A person who stepped to the place where the mermaids danced, or violating the prohibitions on work prescribed for the Trinity period, gets sick with a “Rusal disease”, which manifests itself in some weakness, in an inadequate consciousness - a person is called not in himself. In order to cure it from this disease, the fellow villagers must dance around it a special dance of the Horo - such as our round dance, only accelerating all the time, with high jumps.
Participants in this round dance were called "Rusalia". An illustration of Lermontov’s poem “Mermaid”. Drawing of Mikhail Vrubel. In the Poles they are called sirens, or sirens: on the old coat of arms of Warsaw, such a siren is depicted - a girl with a fish tail; Her image is on the market square of the old city. But in those Polish folklore and ethnographic materials of the XIX -XX centuries I know, this character is poorly known, in the peasant tradition he is not popular.

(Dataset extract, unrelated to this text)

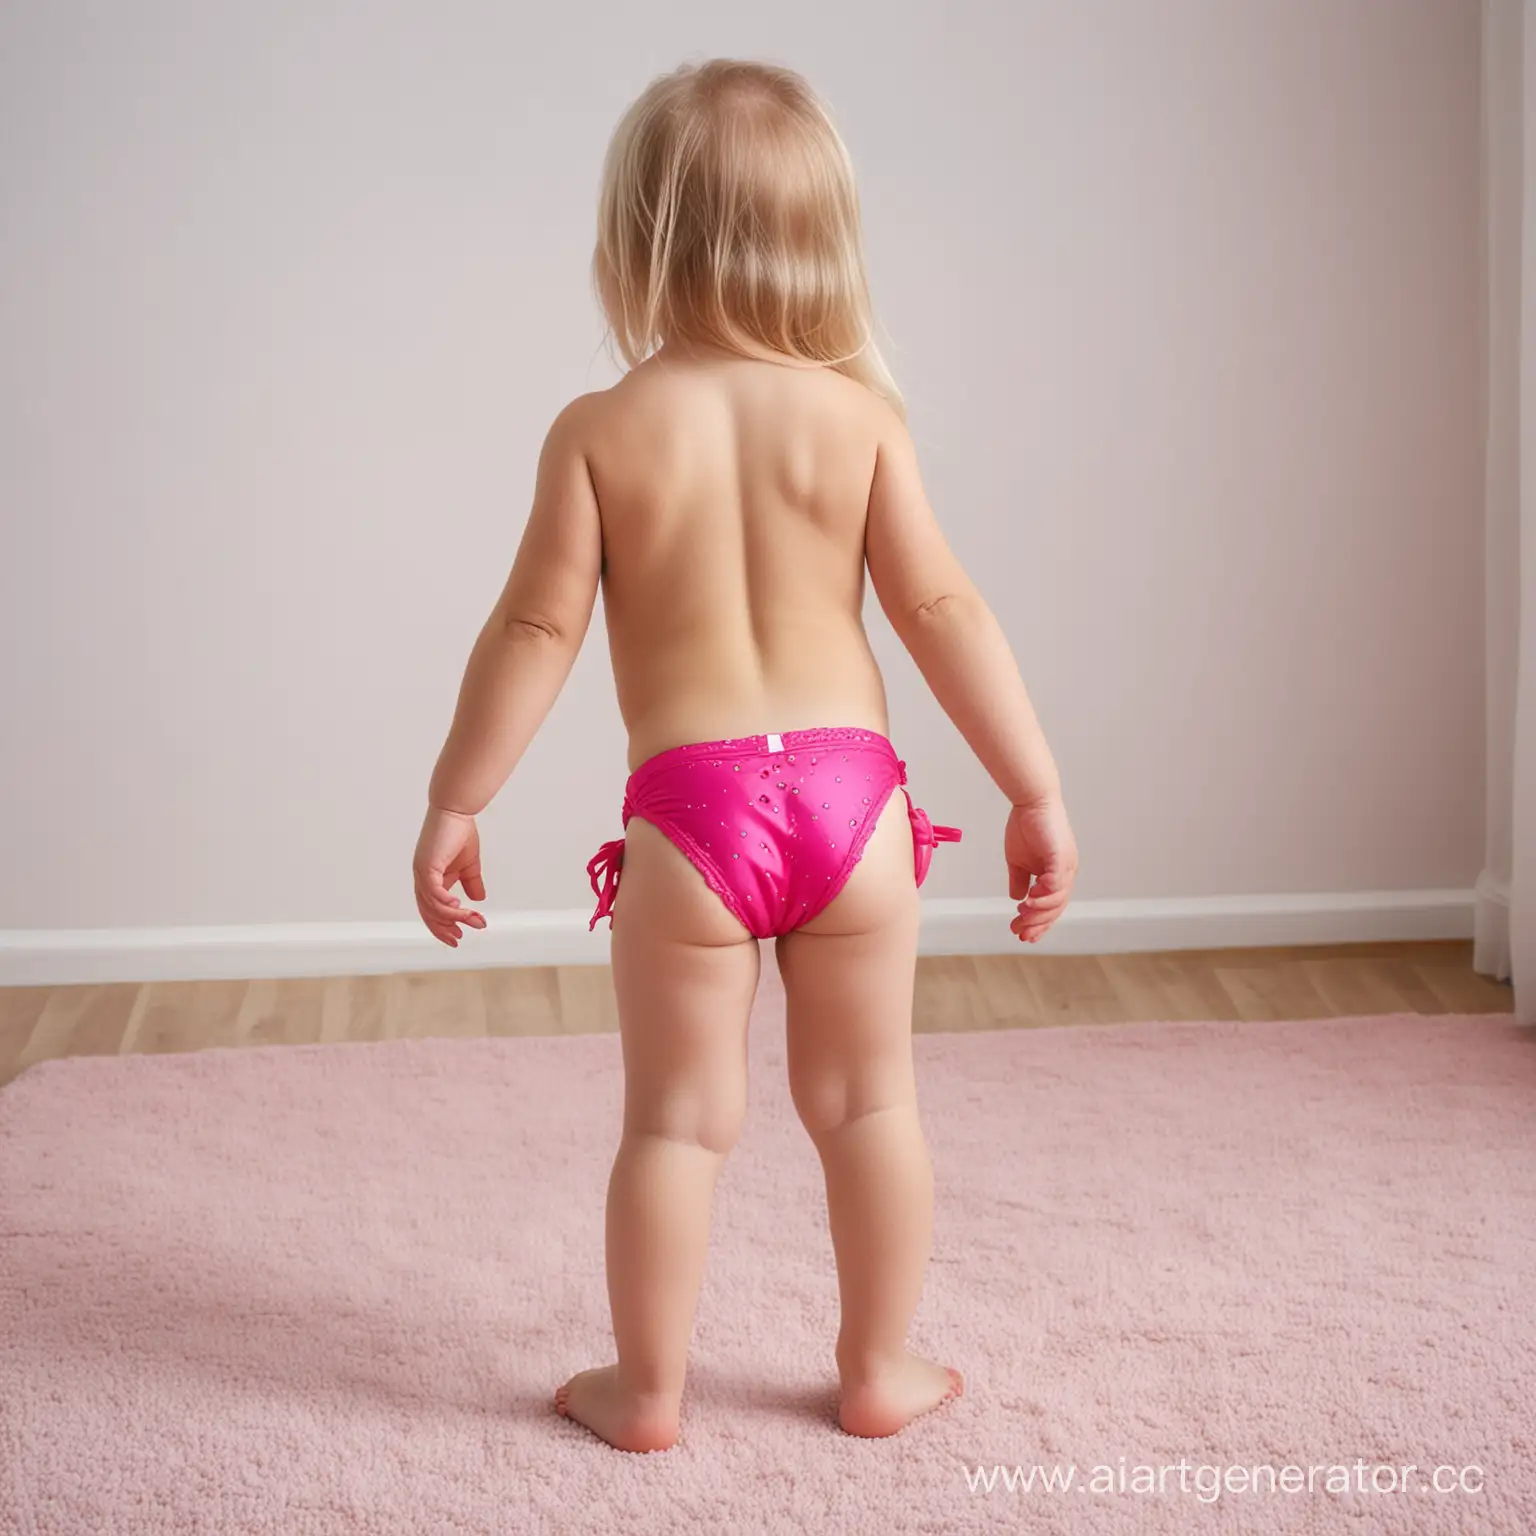 FourYearOld-Blonde-Girl-in-Pink-Thongs-Standing-Playfully

In Polish and Czech mythology, in many nodal moments, the Western European, especially German, tradition was greatly influenced.Half-halves or women with dragon tails, sometimes women with two dragon or fish tails, are also found in different mythologies in northern Europe-Celtic, Baltic, German. Everyone has a set of common features: they are beautiful, very often sing beautiful songs, impressions of their voice are specially noted in stories.
They show themselves most often, entering into love relationships with earthly men. It can be called differently-Nix, Undine, Lorelei or Meluzin. All of them have a number of common features with ancient Greek sirens. I do not presume to say that all these North European characters are genetically connected with ancient Greek, but they behave similarly. Most likely, this plot, as well as the plots of dwarfs, entered the Polish tradition from the West-perhaps this happened somewhere in the Middle Ages-and by our time it has become a common place, such a tourist brand.
Now this lilac is depicted on souvenirs - magnets, cards and badges - as a symbol of Warsaw. Mermaid in decorative thread. Museum of Wooden Architecture on the Schelokovsky Farm in Nizhny Novgorod. The middle of the XIX century. At the beginning of the 20th century, the Russian ethnographer and folklorist Dmitry Konstantinovich Zelenin was one of the first to assume that the image of a half-prisoner-semi-Slavic mythology was borrowed.
The waves of the sea parted and missed the Jews, and the soldiers of the pharaoh drowned. Of these, half-people of semi-hollybies living in the sea arose. Therefore, one of the Russian names of such characters is the pharaohs.